Supplied material:
○ ○ ○

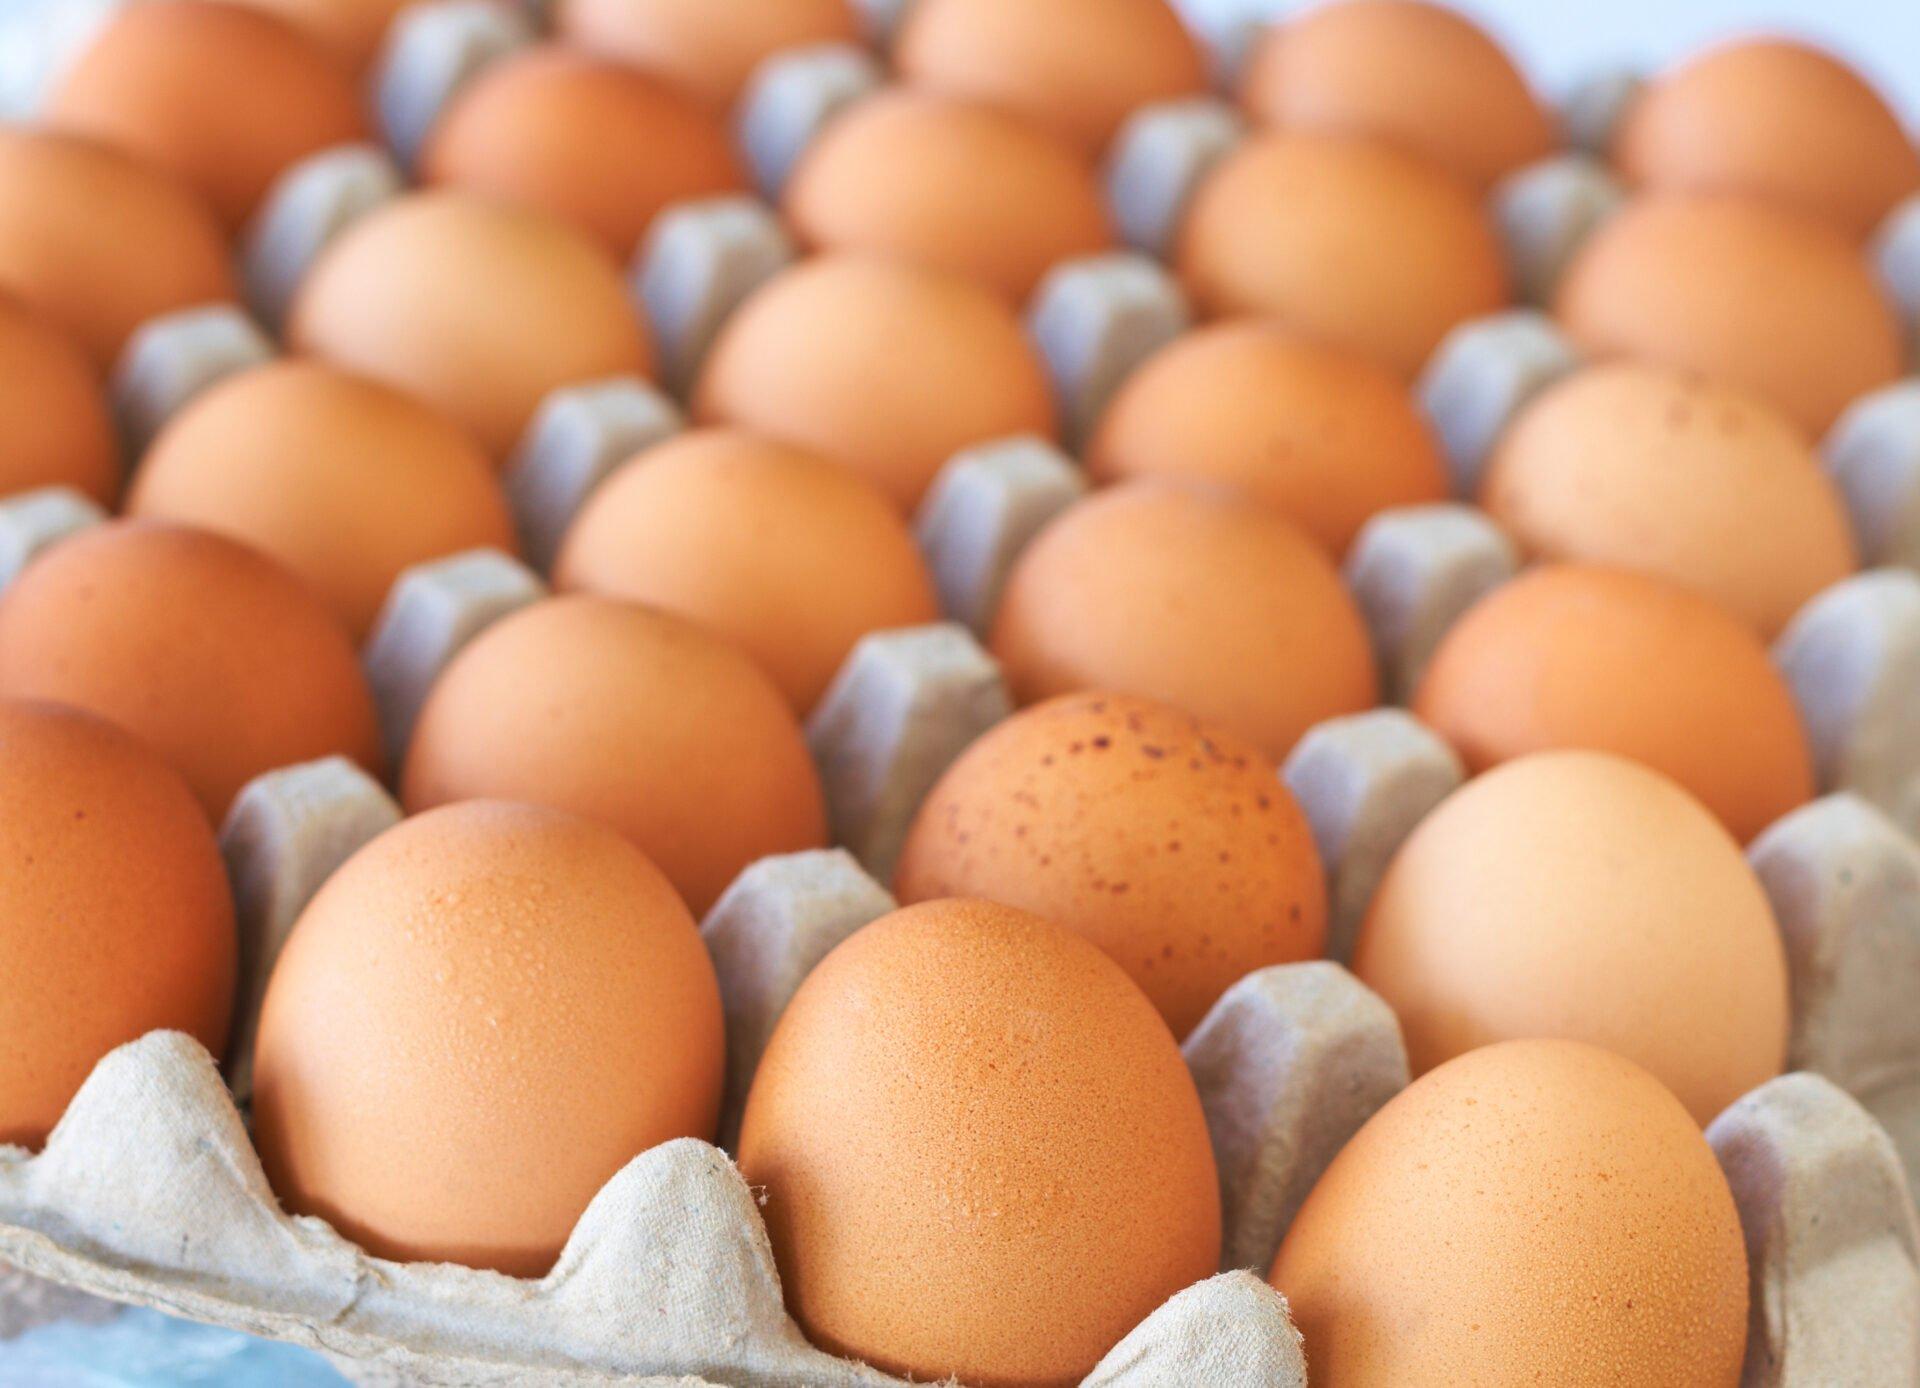 Full tray of freshly laid free range organic eggs
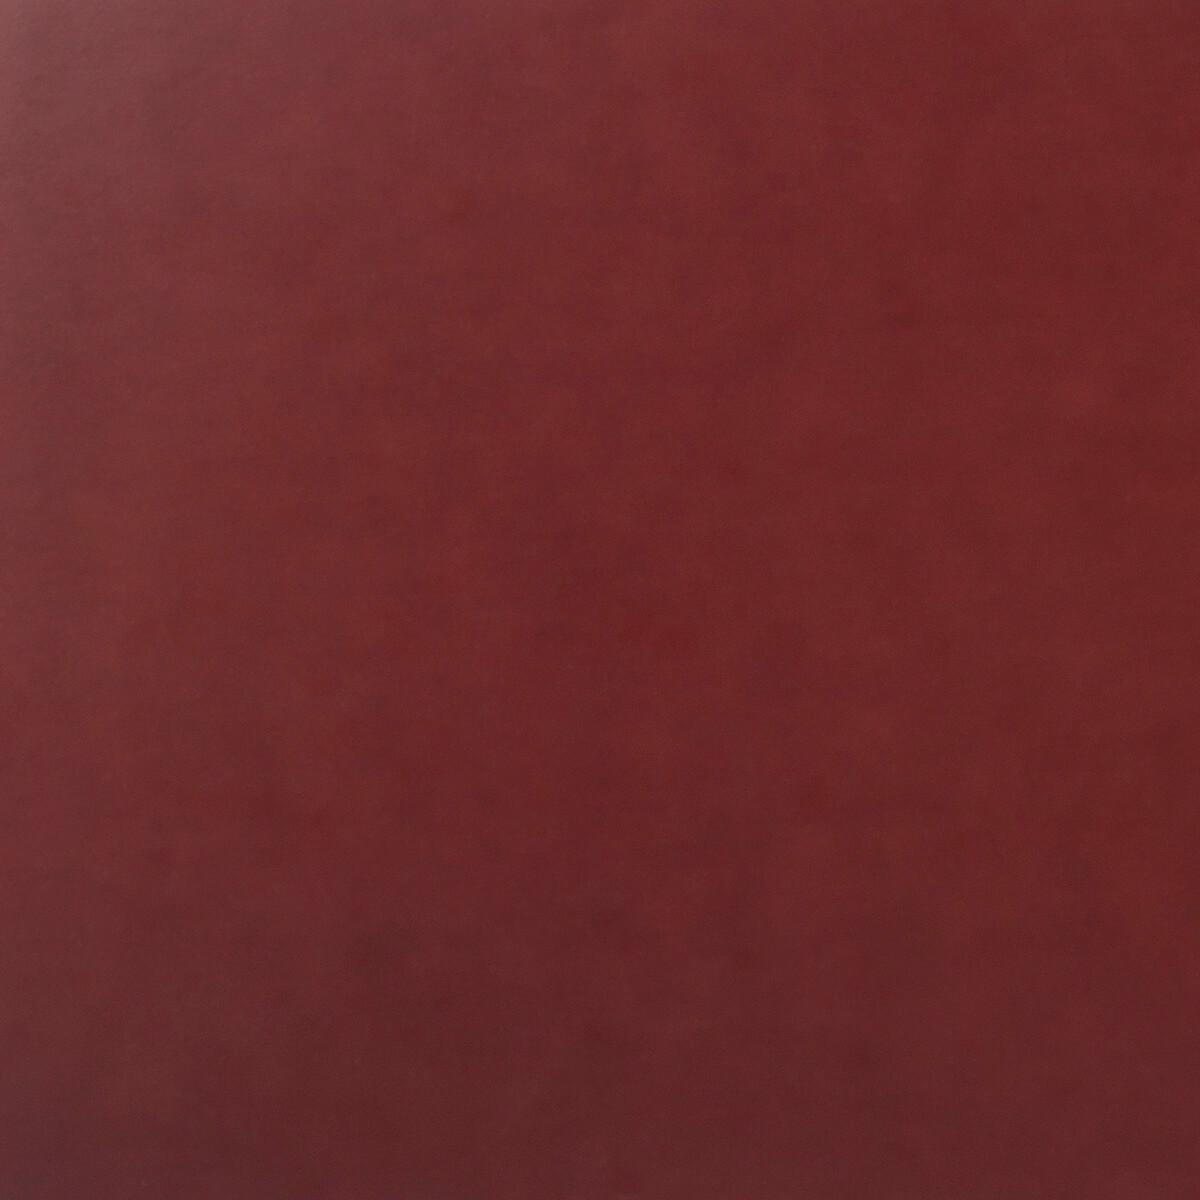 Brown Hotmark Revolution HTV - Large Roll
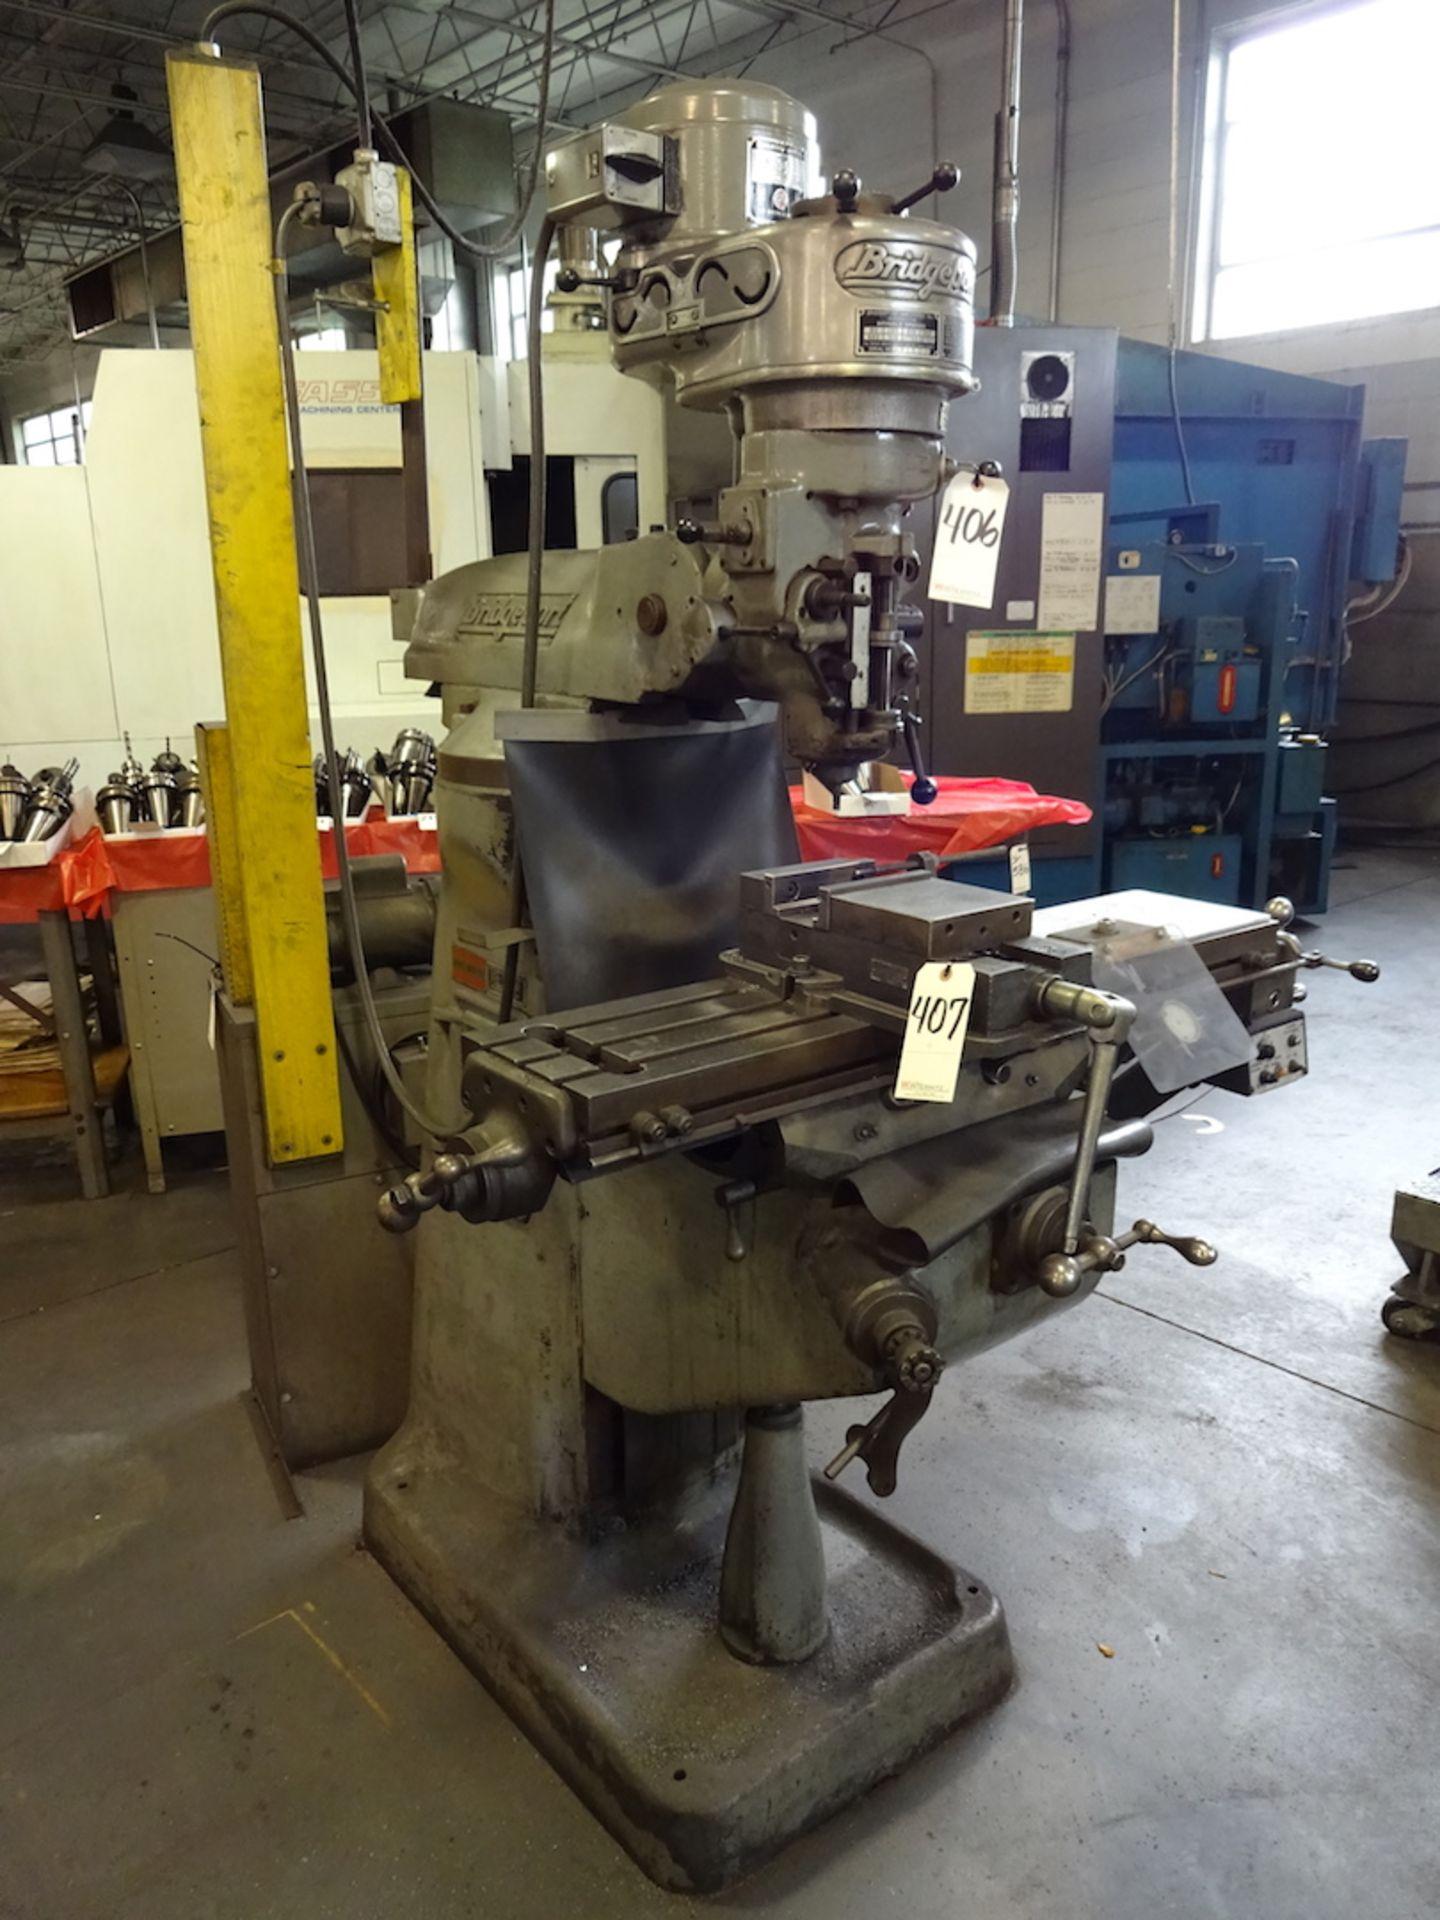 Lot 406 - Bridgeport 1 HP V-Ram Vertical Milling Machine, S/N 12/BR86073, Power Table Feed, 80 - 2720 RPM, 9

○ ○ ○

Assigned task:
Make an exact reproduction of the listing above, without any pictures.

Solution to this task:
 Full tray of freshly laid free range organic eggs
 Brown Hotmark Revolution HTV - Large Roll
 Lot 406 - Bridgeport 1 HP V-Ram Vertical Milling Machine, S/N 12/BR86073, Power Table Feed, 80 - 2720 RPM, 9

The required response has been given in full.